■ **Data records**:
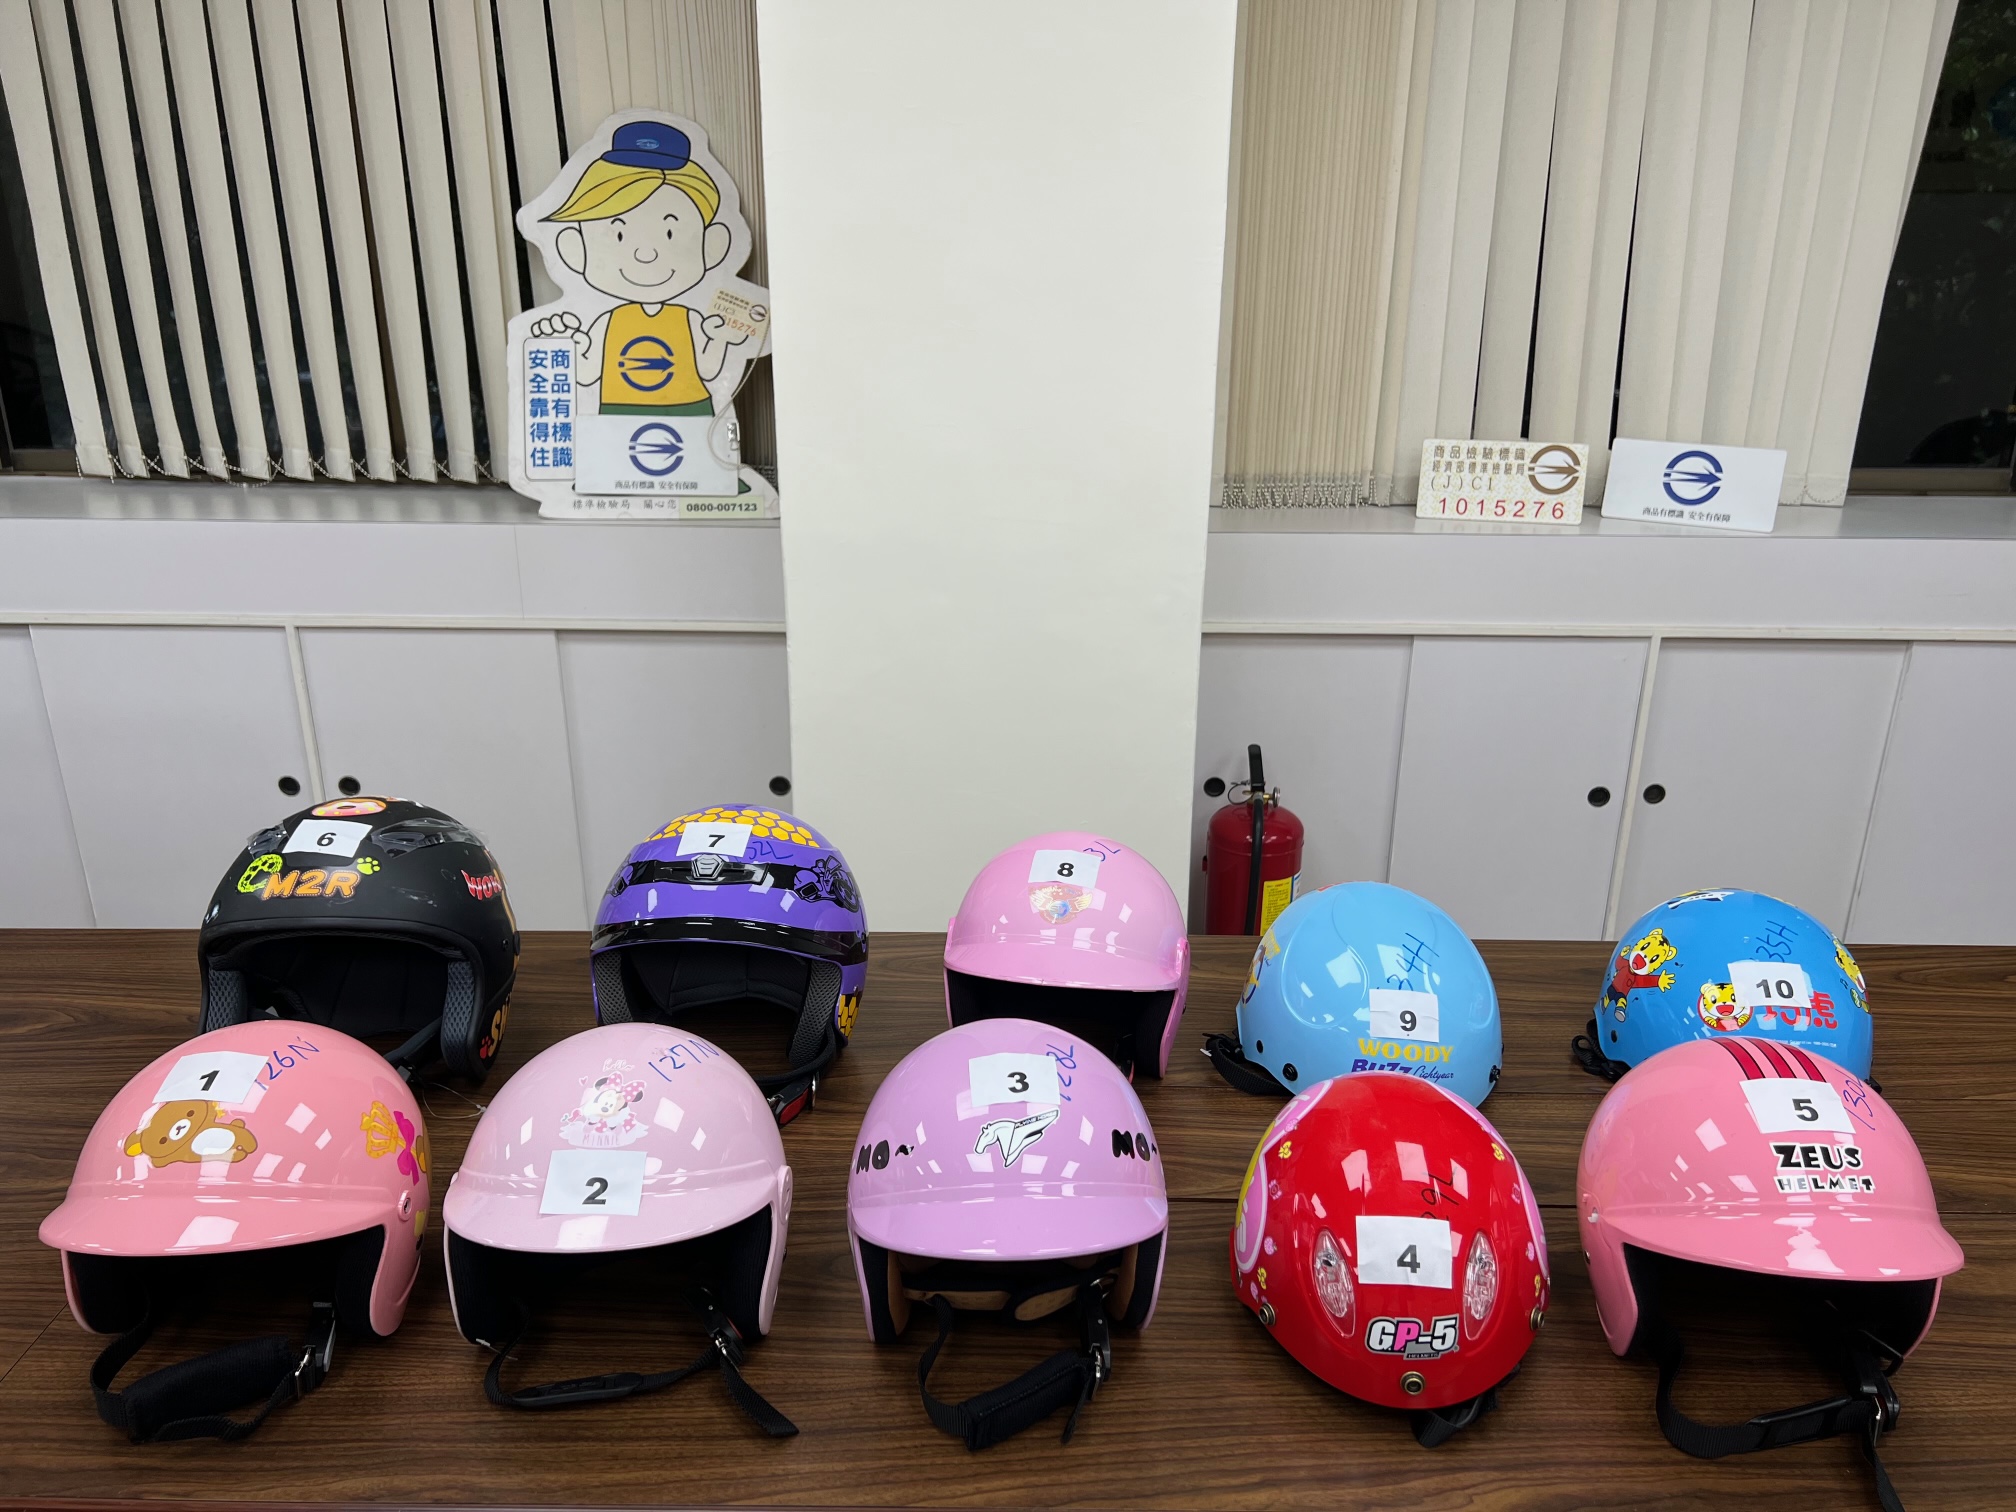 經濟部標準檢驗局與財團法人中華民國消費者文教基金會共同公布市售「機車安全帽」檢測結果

---

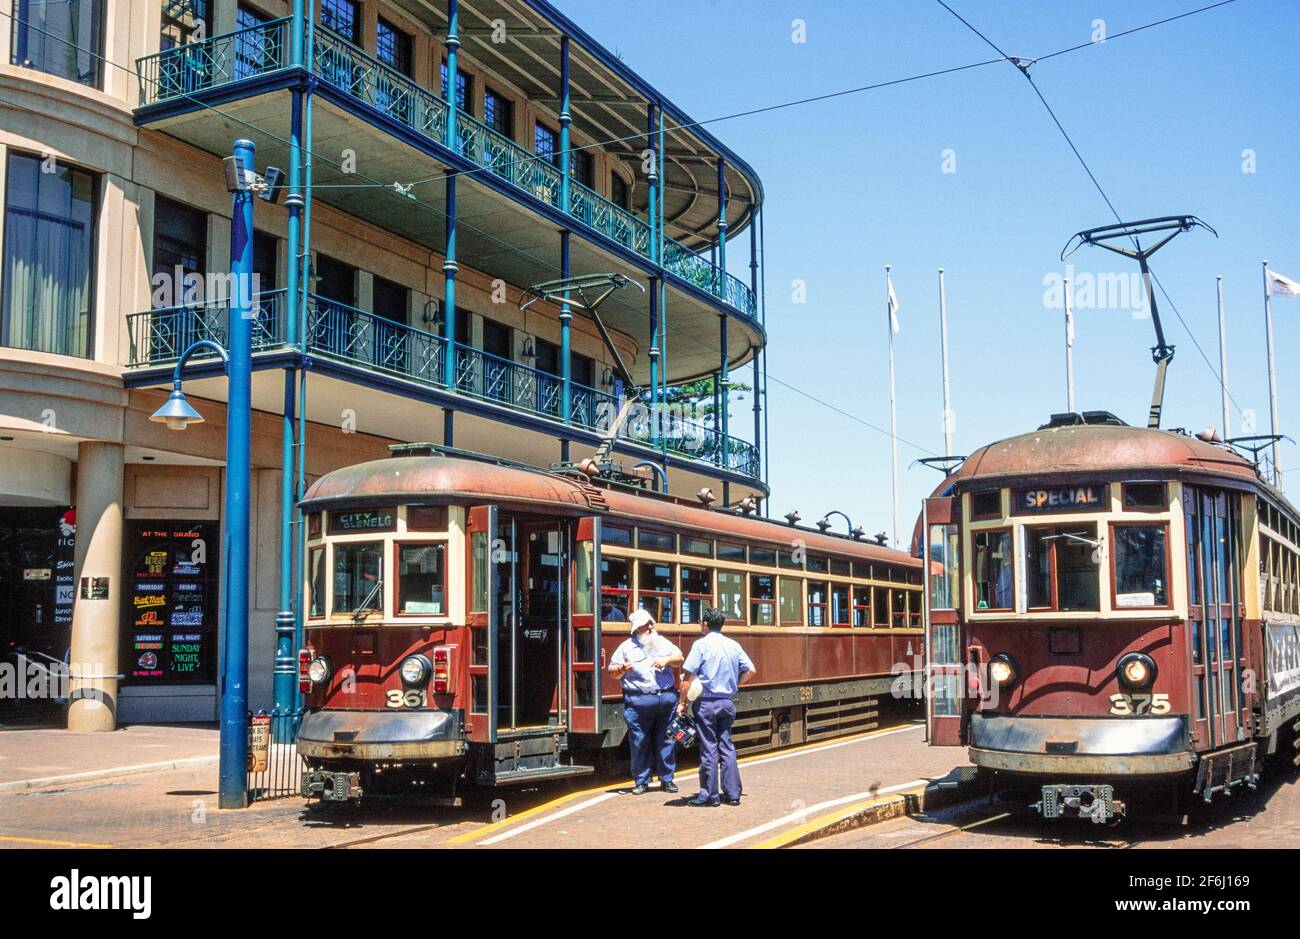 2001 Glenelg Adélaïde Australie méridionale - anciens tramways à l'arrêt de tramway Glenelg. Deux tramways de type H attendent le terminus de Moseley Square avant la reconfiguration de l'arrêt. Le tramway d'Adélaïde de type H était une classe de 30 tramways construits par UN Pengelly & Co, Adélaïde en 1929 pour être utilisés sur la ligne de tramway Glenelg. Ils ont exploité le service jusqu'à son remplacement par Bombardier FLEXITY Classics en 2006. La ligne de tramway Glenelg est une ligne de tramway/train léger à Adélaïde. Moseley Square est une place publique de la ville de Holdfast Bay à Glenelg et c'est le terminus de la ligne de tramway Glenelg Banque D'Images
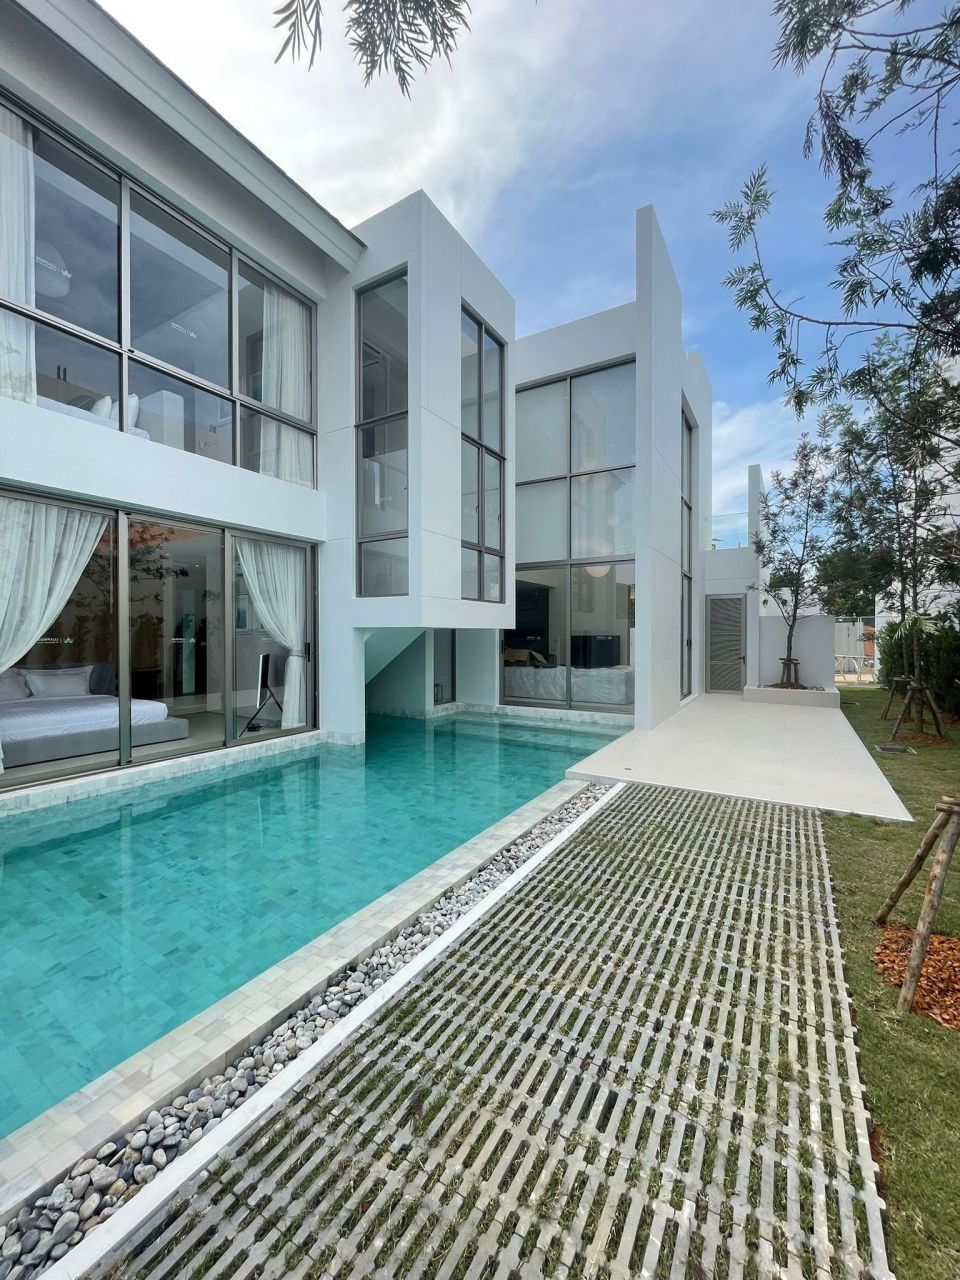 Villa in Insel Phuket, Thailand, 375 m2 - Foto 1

--

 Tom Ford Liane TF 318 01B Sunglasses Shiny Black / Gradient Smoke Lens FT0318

■ **What is expected**: Copy word for word the lines above, starting at the line containing "2001 Glenelg Adélaïde" and ending at the line containing "Villa in Insel", inclusive, with no pictures.

■ **Response to the exercise**:
 2001 Glenelg Adélaïde Australie méridionale - anciens tramways à l'arrêt de tramway Glenelg. Deux tramways de type H attendent le terminus de Moseley Square avant la reconfiguration de l'arrêt. Le tramway d'Adélaïde de type H était une classe de 30 tramways construits par UN Pengelly & Co, Adélaïde en 1929 pour être utilisés sur la ligne de tramway Glenelg. Ils ont exploité le service jusqu'à son remplacement par Bombardier FLEXITY Classics en 2006. La ligne de tramway Glenelg est une ligne de tramway/train léger à Adélaïde. Moseley Square est une place publique de la ville de Holdfast Bay à Glenelg et c'est le terminus de la ligne de tramway Glenelg Banque D'Images
 Villa in Insel Phuket, Thailand, 375 m2 - Foto 1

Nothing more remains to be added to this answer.